◆ What is needed ◆
All of the data that follows is to be printed exactly, without pictures.

◆ Data section ◆

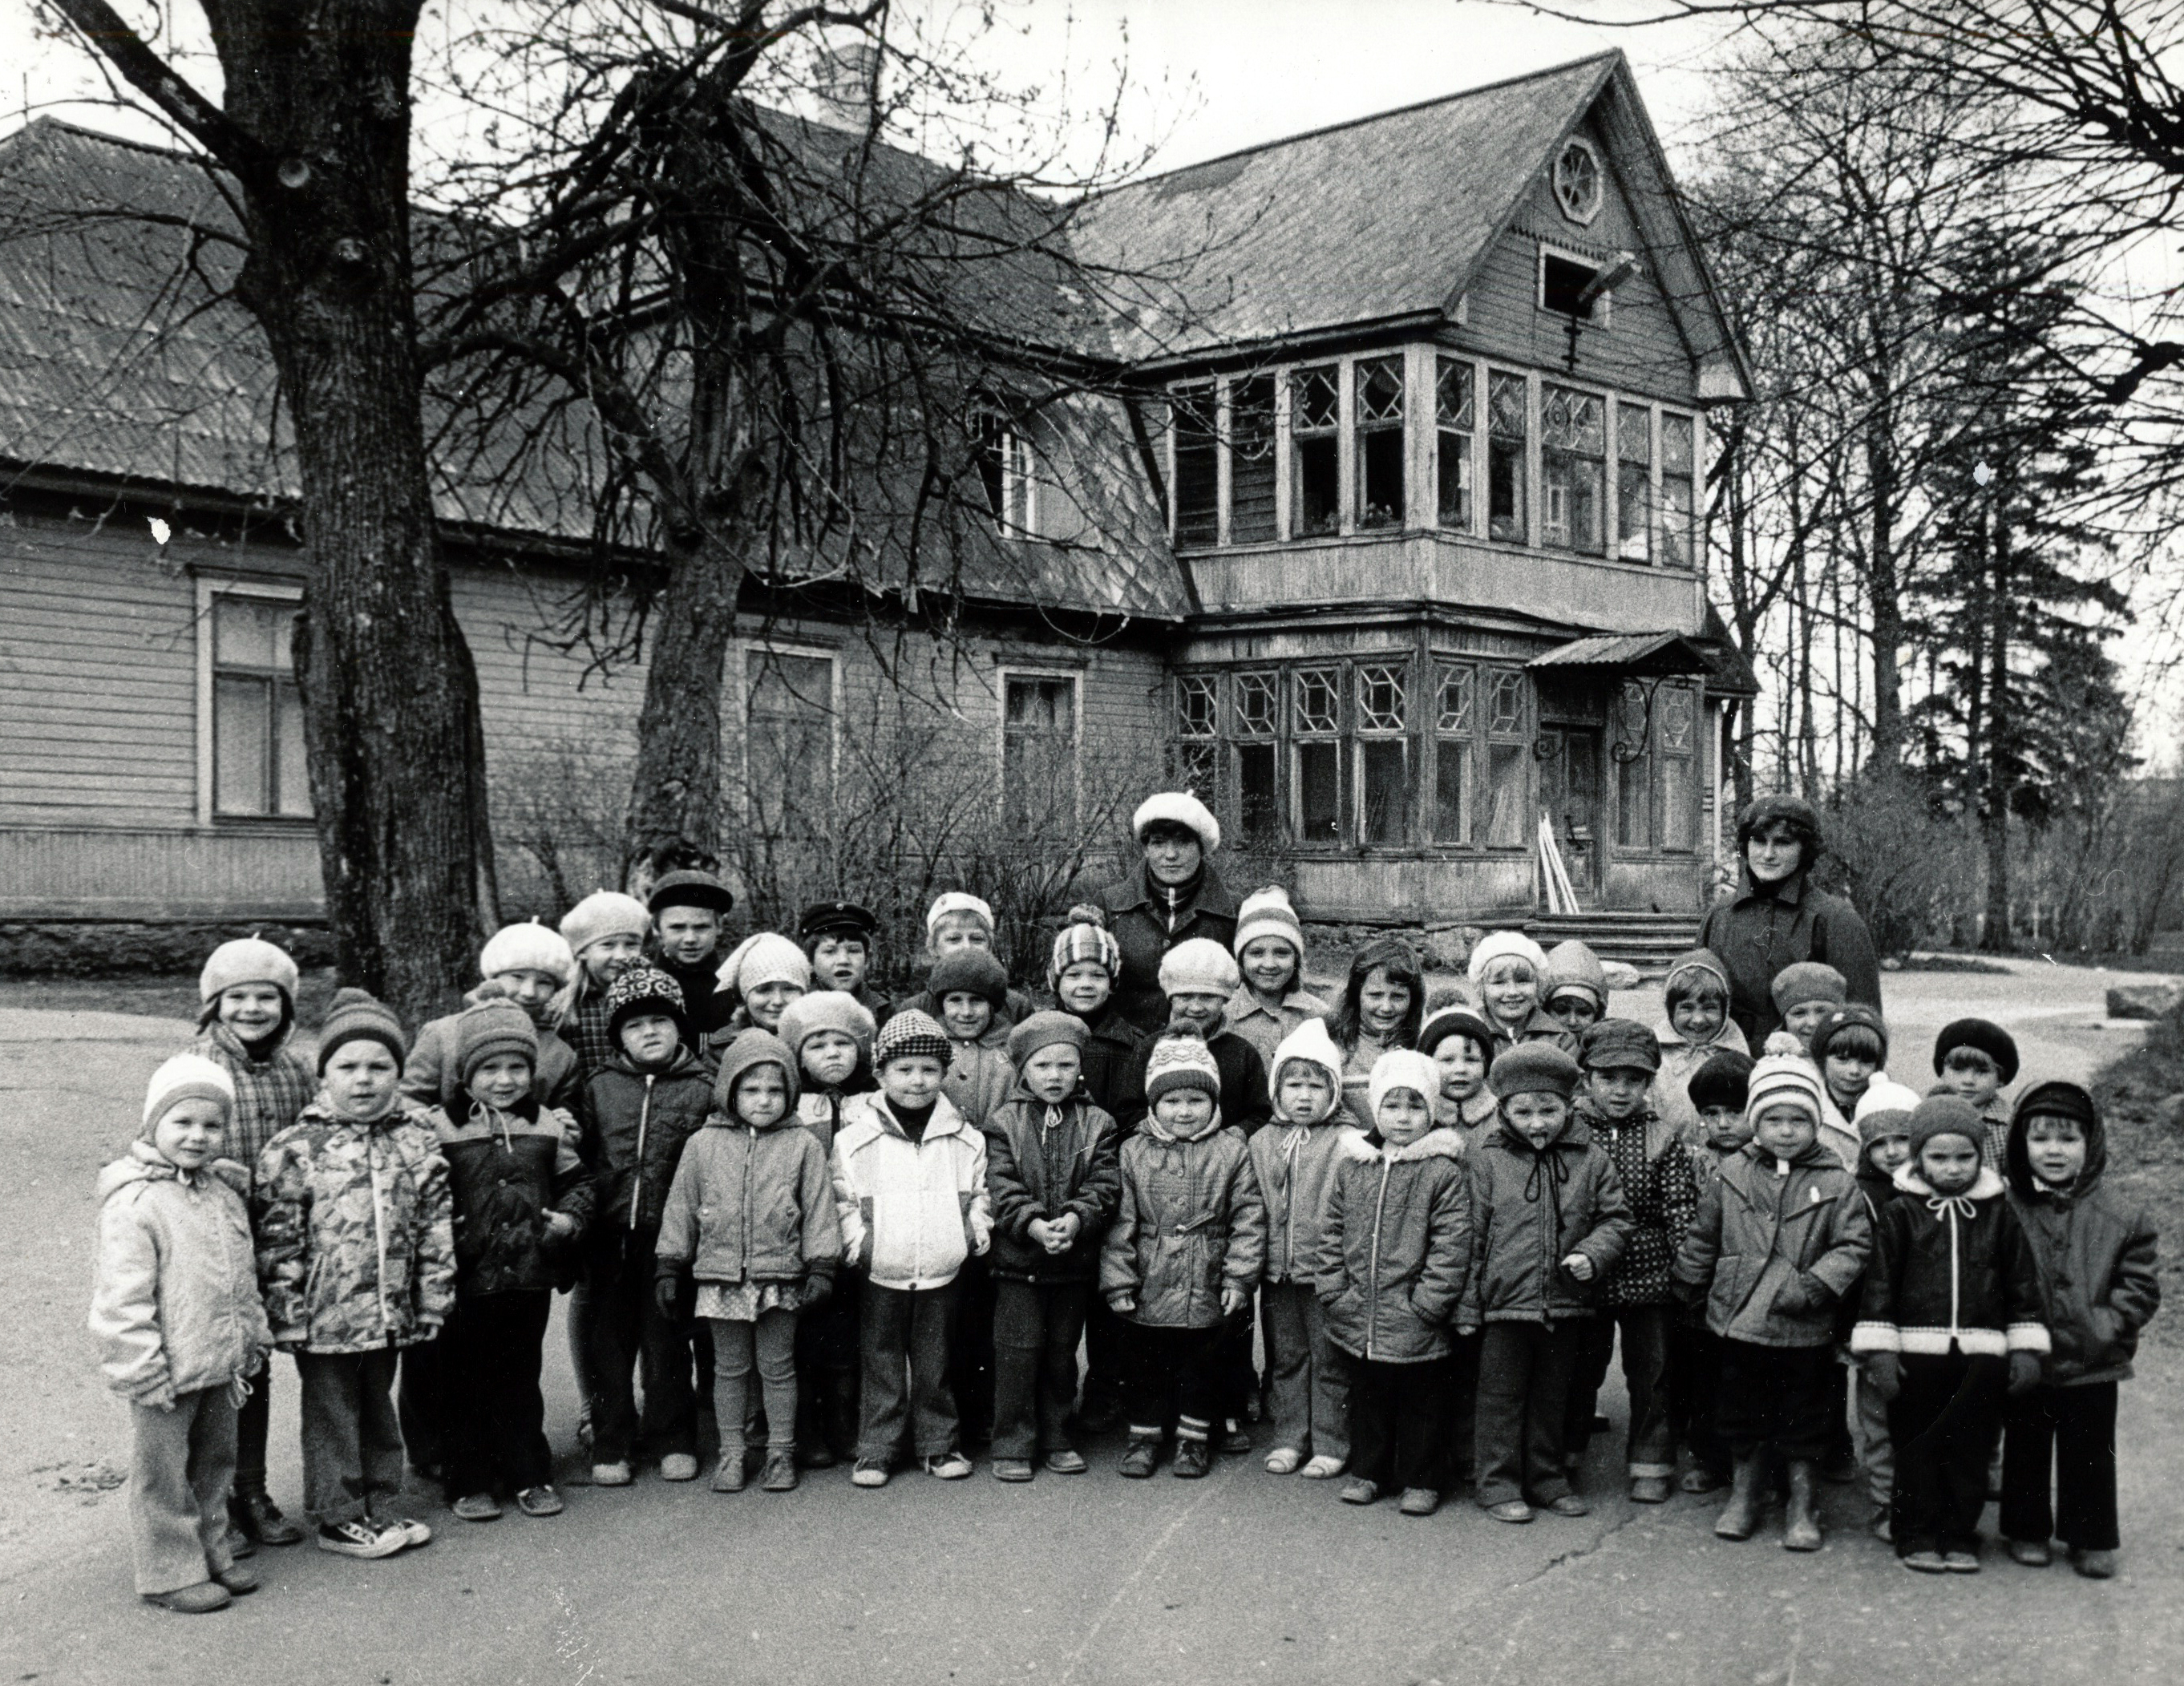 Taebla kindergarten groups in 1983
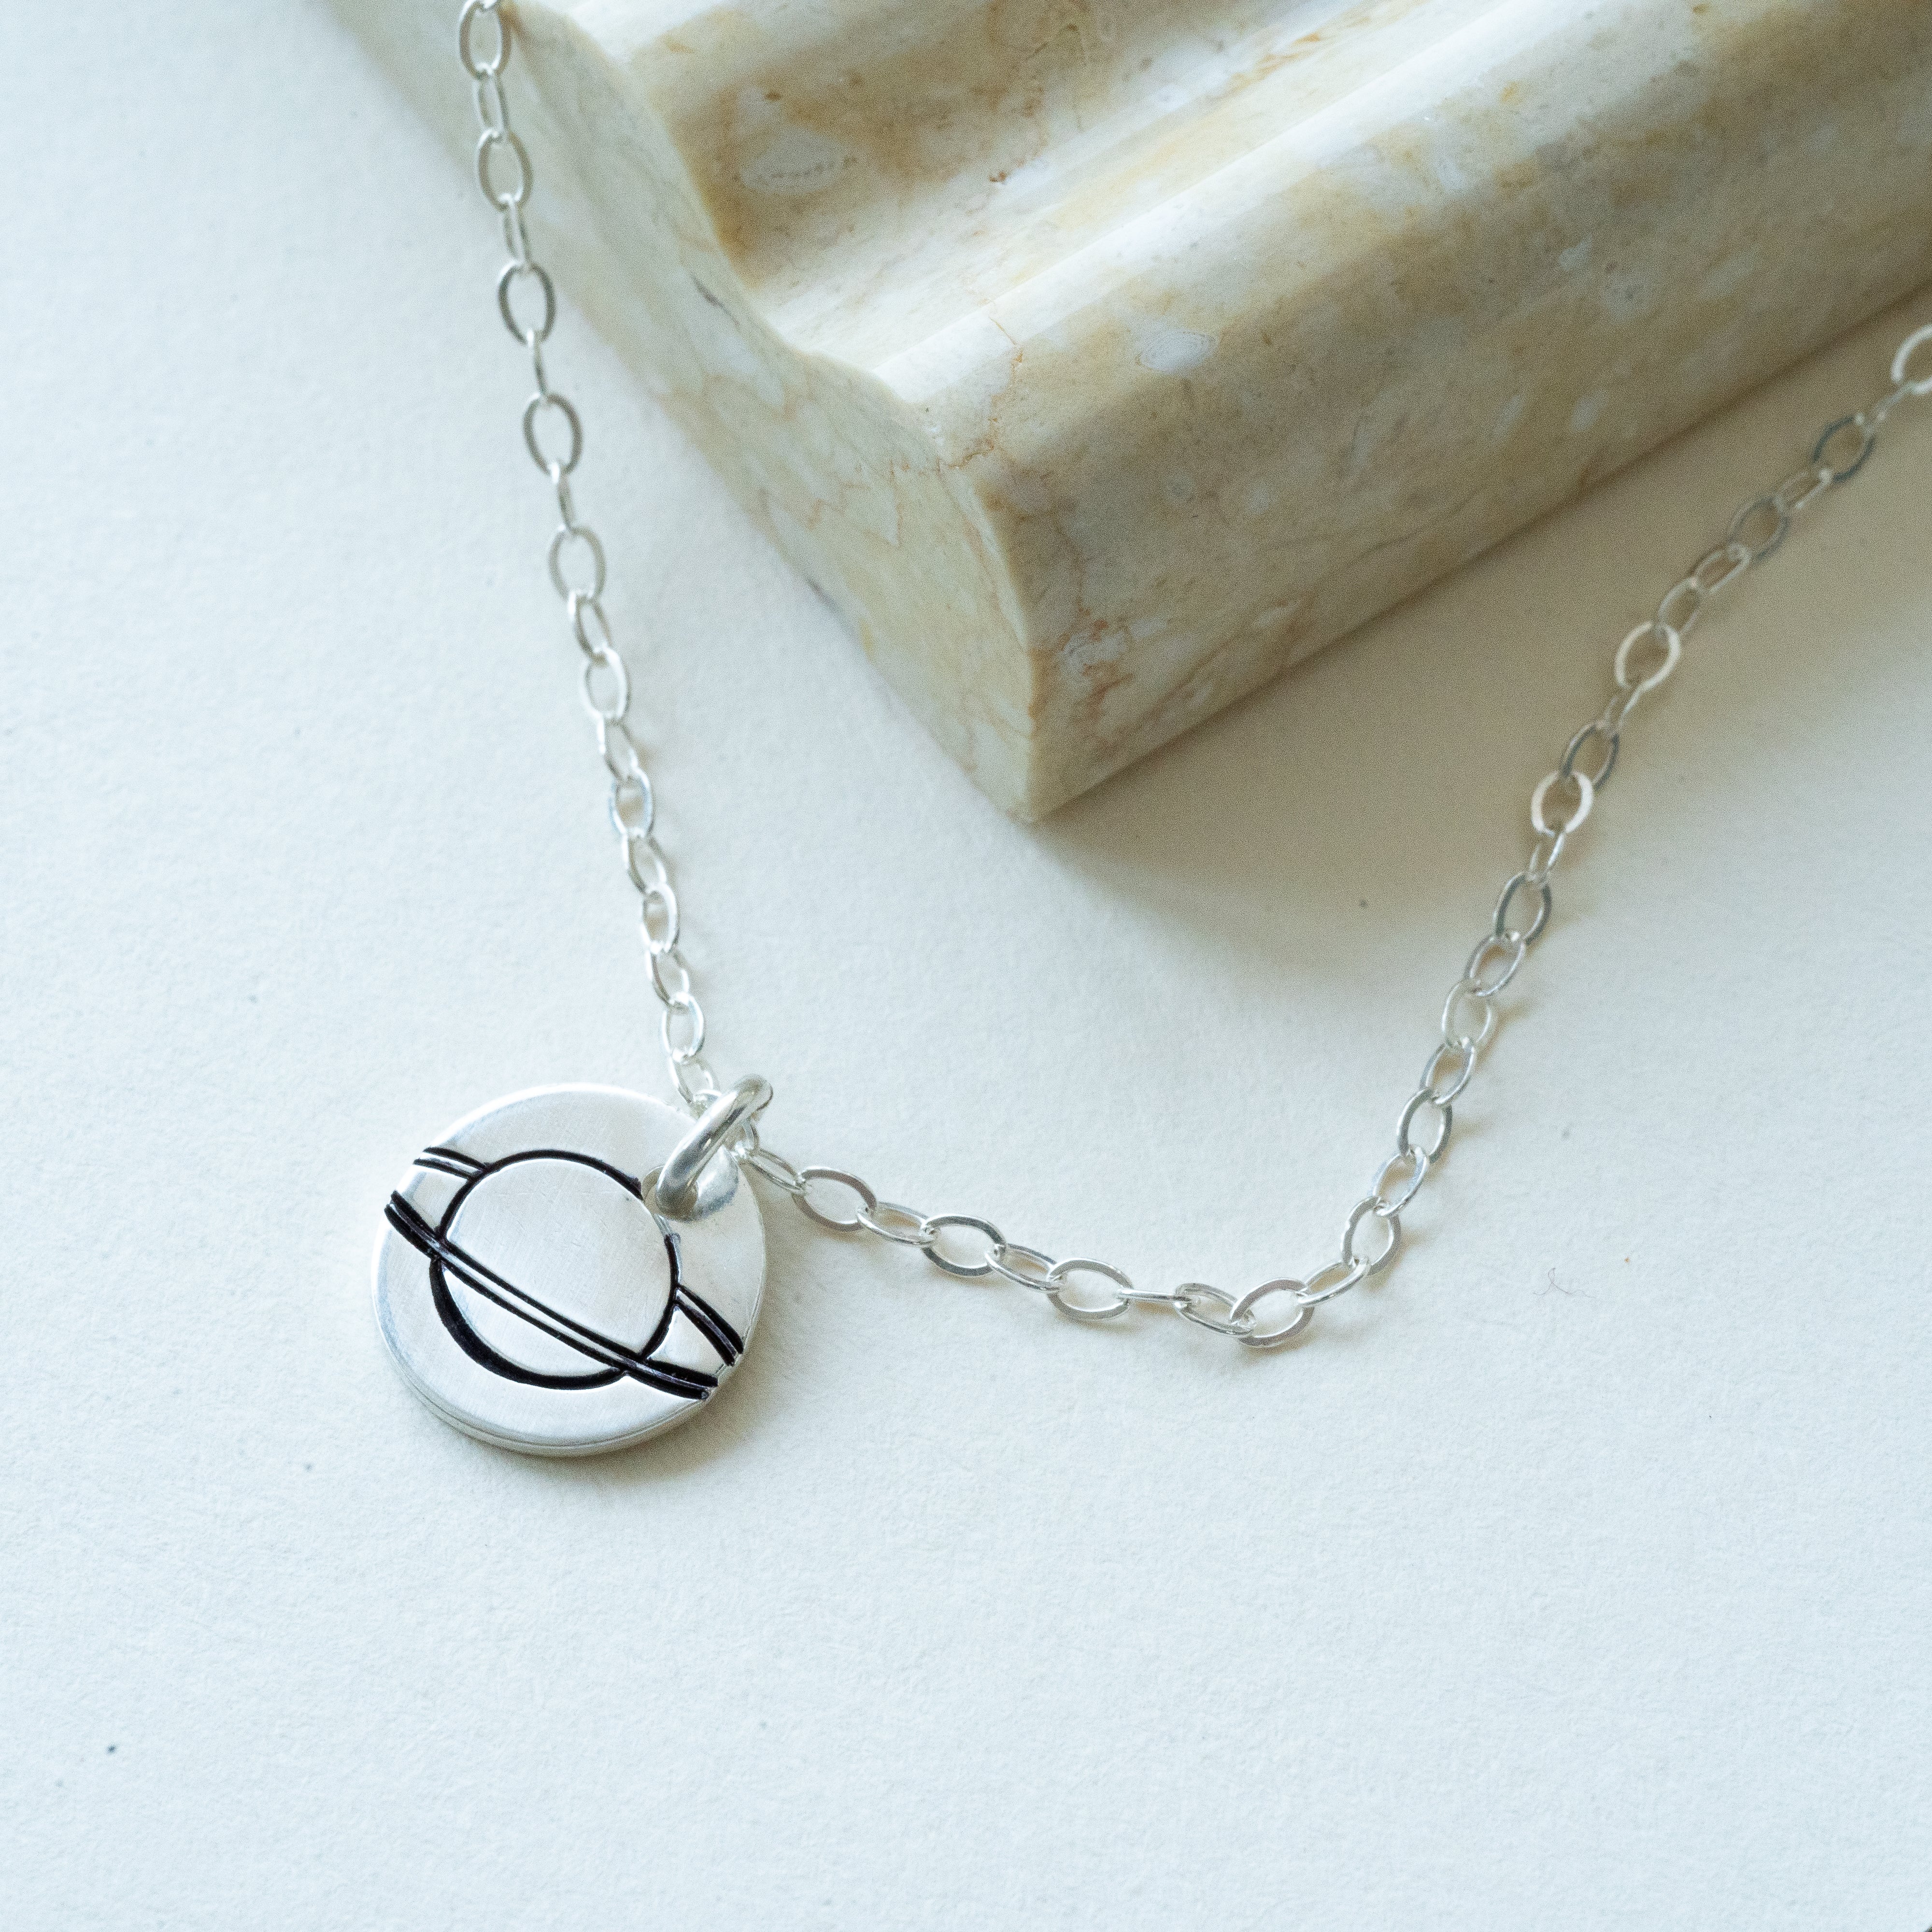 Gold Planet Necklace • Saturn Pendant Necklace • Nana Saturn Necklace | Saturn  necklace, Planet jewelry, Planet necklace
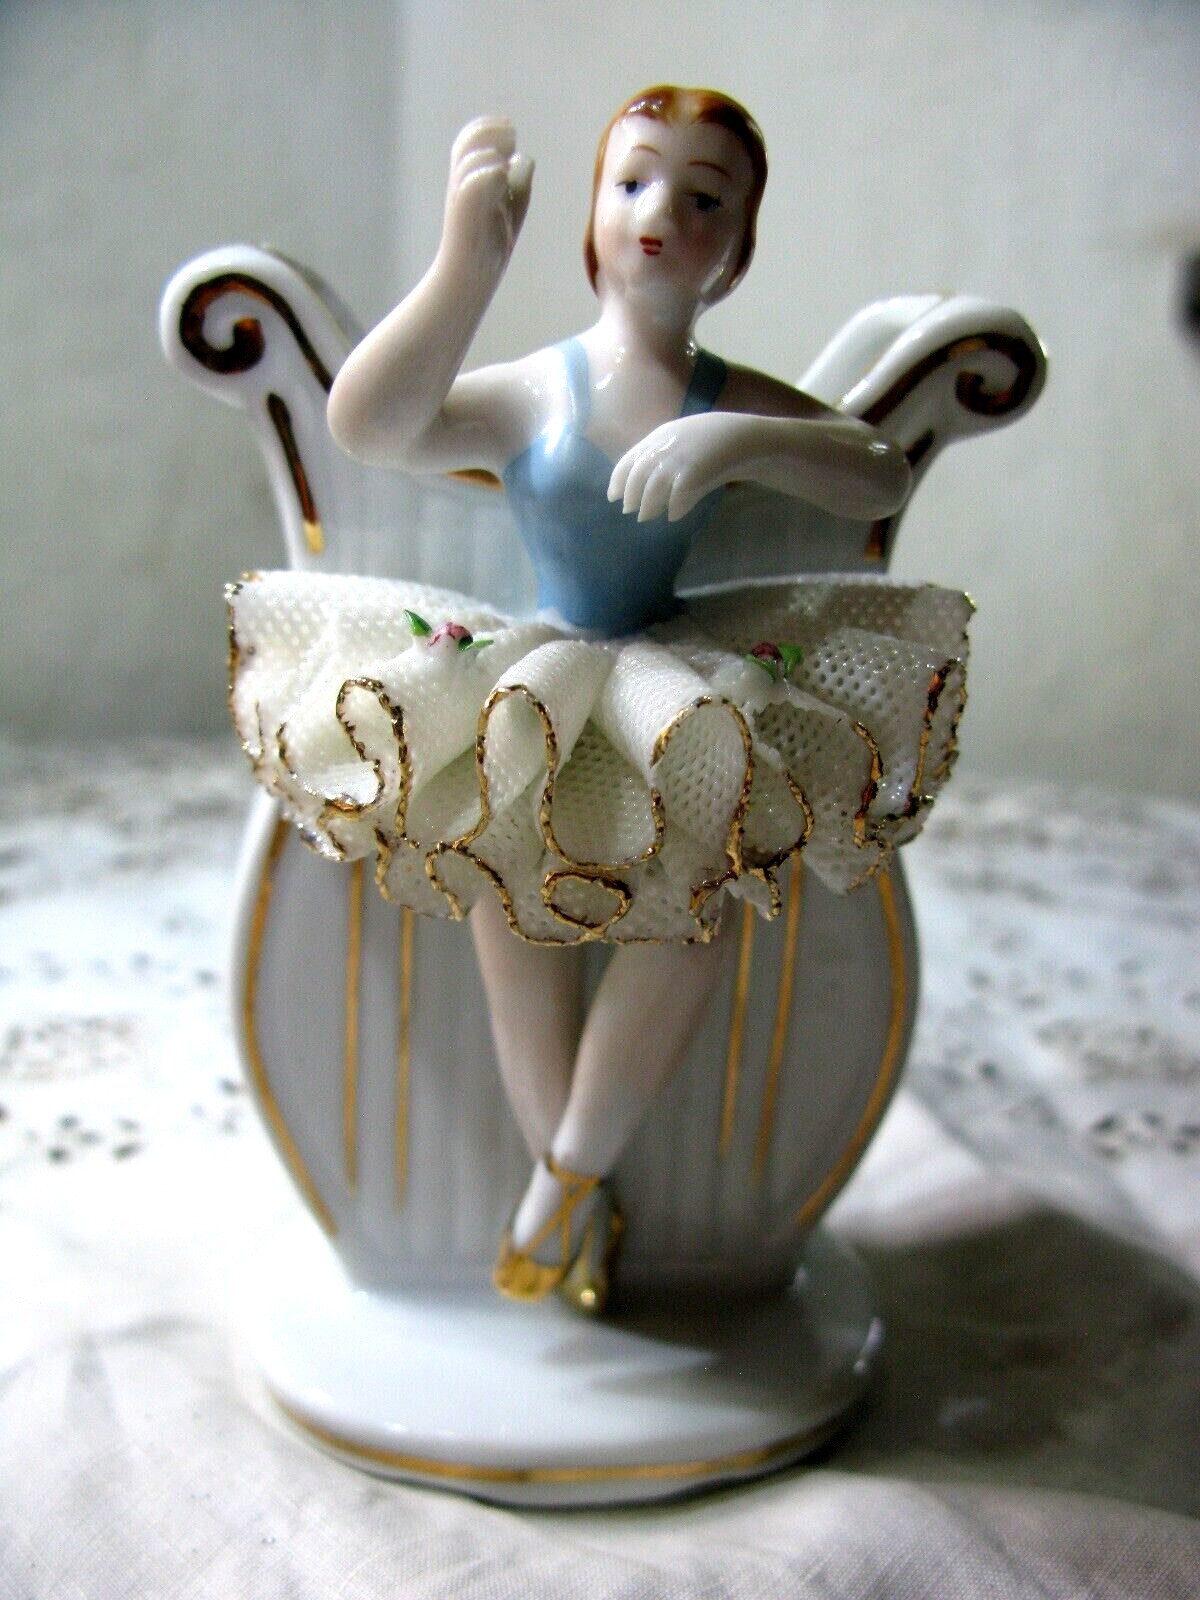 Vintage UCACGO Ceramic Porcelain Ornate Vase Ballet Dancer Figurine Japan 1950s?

◆ Completed task ◆
 Taebla kindergarten groups in 1983
 Gold Planet Necklace • Saturn Pendant Necklace • Nana Saturn Necklace | Saturn  necklace, Planet jewelry, Planet necklace
 Vintage UCACGO Ceramic Porcelain Ornate Vase Ballet Dancer Figurine Japan 1950s?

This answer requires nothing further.